**TO DO**.
Below are some entries. Copy each line that holds the string "Stockfoto".

Segment Start: STORED DATA

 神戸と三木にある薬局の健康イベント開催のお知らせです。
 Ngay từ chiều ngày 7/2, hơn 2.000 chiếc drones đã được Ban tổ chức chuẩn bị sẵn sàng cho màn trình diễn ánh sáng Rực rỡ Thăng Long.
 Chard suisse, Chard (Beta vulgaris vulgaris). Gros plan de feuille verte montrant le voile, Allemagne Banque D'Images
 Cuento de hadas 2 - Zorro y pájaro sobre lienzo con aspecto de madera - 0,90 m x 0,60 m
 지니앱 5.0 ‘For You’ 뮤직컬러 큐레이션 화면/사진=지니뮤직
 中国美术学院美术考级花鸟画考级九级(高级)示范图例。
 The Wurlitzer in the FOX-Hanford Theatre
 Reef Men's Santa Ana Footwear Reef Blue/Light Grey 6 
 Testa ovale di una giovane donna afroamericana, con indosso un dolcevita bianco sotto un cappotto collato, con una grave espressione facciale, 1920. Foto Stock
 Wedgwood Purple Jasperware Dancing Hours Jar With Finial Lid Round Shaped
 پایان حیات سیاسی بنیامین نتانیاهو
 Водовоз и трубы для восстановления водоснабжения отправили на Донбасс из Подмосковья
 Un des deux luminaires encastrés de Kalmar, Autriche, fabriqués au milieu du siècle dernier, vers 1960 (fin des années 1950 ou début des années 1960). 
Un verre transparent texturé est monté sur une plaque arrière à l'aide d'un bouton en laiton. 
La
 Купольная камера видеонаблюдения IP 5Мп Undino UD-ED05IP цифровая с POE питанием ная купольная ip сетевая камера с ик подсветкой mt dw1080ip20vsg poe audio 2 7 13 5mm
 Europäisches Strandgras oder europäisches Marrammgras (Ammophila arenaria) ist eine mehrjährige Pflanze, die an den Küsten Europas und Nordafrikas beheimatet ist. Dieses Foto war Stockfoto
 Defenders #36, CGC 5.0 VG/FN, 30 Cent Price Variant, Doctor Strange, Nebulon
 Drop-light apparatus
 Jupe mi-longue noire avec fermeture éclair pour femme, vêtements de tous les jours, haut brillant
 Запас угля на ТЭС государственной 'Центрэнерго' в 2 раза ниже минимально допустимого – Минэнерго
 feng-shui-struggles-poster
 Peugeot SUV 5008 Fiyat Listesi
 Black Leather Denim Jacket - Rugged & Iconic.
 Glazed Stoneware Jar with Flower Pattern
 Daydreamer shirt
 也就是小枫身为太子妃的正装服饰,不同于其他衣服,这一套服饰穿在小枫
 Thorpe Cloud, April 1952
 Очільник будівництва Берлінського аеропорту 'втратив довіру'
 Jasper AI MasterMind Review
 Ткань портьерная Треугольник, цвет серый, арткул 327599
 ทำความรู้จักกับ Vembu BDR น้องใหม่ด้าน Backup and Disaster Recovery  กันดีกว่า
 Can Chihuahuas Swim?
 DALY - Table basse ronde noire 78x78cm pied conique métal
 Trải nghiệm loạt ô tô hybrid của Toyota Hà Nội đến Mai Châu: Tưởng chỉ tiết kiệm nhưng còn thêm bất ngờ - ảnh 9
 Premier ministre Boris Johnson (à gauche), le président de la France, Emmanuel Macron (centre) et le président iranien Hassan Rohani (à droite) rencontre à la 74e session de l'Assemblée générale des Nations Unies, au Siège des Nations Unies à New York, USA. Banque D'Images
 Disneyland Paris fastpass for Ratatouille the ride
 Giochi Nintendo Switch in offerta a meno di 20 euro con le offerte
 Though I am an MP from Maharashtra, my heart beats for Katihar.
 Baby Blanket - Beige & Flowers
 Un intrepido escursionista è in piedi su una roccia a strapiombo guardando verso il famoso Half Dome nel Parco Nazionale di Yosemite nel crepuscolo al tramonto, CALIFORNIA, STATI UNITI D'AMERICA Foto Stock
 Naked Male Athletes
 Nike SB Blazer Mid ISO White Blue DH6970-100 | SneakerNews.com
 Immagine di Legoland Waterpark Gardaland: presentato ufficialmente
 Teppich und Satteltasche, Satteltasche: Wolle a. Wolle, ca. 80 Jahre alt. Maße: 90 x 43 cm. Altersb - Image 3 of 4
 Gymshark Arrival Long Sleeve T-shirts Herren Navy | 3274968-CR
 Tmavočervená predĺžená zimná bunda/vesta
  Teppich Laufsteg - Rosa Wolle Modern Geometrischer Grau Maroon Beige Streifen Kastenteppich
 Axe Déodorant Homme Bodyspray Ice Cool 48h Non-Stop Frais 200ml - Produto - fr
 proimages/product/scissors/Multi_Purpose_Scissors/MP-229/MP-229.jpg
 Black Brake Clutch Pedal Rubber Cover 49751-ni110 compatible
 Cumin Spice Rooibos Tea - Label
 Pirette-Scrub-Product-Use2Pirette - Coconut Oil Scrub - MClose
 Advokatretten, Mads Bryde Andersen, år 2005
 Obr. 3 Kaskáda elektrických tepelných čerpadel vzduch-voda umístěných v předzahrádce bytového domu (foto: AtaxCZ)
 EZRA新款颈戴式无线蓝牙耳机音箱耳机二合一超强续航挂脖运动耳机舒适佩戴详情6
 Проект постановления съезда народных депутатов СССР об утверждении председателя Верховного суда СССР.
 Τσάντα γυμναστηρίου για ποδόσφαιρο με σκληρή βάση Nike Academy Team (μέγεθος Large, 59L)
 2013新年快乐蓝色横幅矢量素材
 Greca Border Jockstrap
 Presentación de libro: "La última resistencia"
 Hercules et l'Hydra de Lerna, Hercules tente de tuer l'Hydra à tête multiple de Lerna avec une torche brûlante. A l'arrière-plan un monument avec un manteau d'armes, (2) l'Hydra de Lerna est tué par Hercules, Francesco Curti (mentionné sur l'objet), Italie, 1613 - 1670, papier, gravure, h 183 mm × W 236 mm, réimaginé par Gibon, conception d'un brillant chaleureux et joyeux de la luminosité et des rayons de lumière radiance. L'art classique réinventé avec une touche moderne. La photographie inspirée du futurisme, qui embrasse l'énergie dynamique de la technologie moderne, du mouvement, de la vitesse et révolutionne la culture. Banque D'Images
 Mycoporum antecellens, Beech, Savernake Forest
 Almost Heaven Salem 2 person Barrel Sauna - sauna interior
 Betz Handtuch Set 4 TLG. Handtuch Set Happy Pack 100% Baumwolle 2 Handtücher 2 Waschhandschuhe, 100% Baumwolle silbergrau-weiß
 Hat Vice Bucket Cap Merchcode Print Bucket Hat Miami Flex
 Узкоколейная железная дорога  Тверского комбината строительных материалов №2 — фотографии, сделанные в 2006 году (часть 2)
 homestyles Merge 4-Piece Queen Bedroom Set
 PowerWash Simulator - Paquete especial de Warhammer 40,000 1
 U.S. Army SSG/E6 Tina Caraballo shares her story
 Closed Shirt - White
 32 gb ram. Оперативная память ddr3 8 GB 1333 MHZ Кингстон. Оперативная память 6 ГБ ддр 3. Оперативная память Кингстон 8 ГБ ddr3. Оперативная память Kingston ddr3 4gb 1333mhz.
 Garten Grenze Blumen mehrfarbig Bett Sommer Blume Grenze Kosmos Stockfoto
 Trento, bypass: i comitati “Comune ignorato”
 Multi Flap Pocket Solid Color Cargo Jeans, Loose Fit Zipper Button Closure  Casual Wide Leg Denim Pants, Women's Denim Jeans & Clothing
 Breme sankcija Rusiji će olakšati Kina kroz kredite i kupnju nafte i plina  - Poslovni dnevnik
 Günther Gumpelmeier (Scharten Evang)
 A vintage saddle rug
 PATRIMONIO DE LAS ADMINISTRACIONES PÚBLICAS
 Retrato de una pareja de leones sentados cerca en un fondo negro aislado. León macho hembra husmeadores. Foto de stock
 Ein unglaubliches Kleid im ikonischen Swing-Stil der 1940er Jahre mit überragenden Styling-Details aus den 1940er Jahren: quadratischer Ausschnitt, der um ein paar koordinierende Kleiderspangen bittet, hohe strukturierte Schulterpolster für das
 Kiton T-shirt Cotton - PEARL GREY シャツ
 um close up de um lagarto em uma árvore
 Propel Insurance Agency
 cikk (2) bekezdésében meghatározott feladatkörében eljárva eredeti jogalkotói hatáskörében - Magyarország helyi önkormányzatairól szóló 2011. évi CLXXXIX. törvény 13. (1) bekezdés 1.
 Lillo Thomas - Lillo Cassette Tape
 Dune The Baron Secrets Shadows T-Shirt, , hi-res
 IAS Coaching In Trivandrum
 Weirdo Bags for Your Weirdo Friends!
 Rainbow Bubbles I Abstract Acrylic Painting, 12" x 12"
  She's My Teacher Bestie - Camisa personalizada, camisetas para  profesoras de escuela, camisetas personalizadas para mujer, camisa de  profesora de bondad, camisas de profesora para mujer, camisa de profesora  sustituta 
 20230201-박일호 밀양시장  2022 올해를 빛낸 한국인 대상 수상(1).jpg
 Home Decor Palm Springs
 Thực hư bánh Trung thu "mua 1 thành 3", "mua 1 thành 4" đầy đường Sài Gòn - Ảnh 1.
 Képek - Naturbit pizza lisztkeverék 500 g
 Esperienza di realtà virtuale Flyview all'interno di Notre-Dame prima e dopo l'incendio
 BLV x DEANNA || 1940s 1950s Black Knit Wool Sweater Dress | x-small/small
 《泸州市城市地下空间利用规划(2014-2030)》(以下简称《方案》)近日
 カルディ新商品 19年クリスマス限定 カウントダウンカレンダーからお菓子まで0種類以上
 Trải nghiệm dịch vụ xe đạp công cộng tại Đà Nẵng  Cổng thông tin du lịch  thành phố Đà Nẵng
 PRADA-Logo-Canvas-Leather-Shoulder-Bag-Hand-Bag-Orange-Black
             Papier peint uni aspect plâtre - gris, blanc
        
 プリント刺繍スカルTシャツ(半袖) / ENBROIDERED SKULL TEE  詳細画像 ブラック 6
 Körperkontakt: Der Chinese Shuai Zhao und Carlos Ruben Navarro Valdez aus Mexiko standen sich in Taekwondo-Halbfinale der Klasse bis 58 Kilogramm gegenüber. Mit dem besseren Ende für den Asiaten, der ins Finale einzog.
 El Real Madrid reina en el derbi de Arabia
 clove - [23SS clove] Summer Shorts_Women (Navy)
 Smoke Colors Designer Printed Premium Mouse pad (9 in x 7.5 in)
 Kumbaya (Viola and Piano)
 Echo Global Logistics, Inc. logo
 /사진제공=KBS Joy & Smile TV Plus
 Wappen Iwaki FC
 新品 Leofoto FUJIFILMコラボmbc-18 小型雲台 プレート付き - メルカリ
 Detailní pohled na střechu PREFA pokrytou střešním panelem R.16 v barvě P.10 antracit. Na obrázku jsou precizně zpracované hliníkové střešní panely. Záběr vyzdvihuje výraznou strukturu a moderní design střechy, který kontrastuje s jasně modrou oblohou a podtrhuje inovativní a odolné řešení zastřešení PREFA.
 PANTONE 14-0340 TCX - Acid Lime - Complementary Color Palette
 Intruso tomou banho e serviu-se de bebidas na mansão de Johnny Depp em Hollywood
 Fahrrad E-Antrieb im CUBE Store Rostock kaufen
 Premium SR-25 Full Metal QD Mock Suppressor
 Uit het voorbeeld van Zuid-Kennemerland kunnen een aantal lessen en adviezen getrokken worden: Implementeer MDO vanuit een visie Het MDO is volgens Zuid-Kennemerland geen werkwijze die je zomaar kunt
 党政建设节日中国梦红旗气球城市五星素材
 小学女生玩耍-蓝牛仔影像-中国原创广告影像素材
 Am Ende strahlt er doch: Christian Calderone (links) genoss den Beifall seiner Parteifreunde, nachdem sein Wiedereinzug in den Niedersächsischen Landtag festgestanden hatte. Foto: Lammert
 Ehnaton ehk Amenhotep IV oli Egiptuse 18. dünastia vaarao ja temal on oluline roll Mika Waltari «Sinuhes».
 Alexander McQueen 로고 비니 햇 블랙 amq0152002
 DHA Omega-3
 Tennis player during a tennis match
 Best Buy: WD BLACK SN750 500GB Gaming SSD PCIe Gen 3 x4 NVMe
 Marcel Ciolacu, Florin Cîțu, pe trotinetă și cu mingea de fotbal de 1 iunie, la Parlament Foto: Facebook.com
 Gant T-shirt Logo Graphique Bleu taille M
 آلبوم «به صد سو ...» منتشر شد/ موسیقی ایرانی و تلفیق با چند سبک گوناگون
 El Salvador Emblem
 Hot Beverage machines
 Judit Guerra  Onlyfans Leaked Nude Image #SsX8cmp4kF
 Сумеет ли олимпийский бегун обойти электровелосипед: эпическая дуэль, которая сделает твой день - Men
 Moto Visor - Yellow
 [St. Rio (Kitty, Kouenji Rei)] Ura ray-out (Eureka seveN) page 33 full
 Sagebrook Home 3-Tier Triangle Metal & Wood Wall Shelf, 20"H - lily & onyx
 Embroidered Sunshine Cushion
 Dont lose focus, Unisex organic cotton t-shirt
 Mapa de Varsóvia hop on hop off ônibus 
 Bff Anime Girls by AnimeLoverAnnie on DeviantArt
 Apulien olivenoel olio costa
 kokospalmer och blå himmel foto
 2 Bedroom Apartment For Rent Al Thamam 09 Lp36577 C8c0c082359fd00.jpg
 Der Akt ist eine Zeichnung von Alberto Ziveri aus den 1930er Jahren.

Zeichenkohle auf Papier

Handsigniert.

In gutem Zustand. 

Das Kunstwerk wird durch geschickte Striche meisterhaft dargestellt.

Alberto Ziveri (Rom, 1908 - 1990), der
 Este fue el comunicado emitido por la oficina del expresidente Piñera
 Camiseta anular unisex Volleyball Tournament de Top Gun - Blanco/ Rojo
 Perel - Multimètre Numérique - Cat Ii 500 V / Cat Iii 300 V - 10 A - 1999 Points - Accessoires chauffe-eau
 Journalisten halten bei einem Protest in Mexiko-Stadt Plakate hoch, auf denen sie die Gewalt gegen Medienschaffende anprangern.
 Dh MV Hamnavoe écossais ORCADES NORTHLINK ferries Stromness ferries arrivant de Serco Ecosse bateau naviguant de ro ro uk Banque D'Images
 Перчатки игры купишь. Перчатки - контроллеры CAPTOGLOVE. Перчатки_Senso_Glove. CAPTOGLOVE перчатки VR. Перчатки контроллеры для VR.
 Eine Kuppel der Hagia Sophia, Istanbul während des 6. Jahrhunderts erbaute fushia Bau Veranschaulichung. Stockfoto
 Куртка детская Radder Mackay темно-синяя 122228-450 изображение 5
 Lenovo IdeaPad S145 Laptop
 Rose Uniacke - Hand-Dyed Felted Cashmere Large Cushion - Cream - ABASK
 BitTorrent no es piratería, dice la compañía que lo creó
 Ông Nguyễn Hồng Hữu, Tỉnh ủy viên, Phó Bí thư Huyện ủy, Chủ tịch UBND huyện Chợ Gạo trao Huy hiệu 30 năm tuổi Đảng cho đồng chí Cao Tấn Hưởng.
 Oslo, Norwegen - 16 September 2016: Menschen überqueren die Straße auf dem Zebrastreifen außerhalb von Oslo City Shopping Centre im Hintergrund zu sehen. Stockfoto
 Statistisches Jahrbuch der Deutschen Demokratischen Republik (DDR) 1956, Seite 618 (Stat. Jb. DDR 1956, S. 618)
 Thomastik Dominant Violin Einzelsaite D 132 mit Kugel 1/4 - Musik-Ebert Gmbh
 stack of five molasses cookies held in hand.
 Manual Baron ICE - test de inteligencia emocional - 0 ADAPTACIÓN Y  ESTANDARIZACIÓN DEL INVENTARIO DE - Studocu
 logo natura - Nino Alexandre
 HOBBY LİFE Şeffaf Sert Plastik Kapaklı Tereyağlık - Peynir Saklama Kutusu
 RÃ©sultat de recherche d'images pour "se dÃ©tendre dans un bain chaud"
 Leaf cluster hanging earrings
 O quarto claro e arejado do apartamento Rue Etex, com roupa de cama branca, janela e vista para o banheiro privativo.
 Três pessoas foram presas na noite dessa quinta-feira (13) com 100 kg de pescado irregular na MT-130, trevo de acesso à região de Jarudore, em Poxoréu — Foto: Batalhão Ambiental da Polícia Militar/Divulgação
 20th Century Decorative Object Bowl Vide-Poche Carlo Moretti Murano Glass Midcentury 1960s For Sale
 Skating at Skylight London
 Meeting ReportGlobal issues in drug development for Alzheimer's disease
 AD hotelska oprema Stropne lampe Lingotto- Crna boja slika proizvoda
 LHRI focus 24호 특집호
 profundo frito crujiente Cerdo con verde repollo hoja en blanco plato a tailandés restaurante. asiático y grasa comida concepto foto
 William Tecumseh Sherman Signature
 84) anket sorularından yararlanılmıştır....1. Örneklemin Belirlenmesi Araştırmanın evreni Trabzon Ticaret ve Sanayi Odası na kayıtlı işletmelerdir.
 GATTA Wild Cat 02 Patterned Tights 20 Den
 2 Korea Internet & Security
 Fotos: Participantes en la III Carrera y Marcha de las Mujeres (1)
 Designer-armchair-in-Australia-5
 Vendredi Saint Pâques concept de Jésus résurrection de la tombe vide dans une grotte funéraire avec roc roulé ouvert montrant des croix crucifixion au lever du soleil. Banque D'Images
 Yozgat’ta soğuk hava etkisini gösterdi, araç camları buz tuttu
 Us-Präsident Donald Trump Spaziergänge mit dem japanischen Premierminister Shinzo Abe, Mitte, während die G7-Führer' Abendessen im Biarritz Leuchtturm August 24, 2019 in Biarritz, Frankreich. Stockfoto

Segment End: STORED DATA

**THE ANSWER**.
 Europäisches Strandgras oder europäisches Marrammgras (Ammophila arenaria) ist eine mehrjährige Pflanze, die an den Küsten Europas und Nordafrikas beheimatet ist. Dieses Foto war Stockfoto
 Garten Grenze Blumen mehrfarbig Bett Sommer Blume Grenze Kosmos Stockfoto
 Eine Kuppel der Hagia Sophia, Istanbul während des 6. Jahrhunderts erbaute fushia Bau Veranschaulichung. Stockfoto
 Oslo, Norwegen - 16 September 2016: Menschen überqueren die Straße auf dem Zebrastreifen außerhalb von Oslo City Shopping Centre im Hintergrund zu sehen. Stockfoto
 Us-Präsident Donald Trump Spaziergänge mit dem japanischen Premierminister Shinzo Abe, Mitte, während die G7-Führer' Abendessen im Biarritz Leuchtturm August 24, 2019 in Biarritz, Frankreich. Stockfoto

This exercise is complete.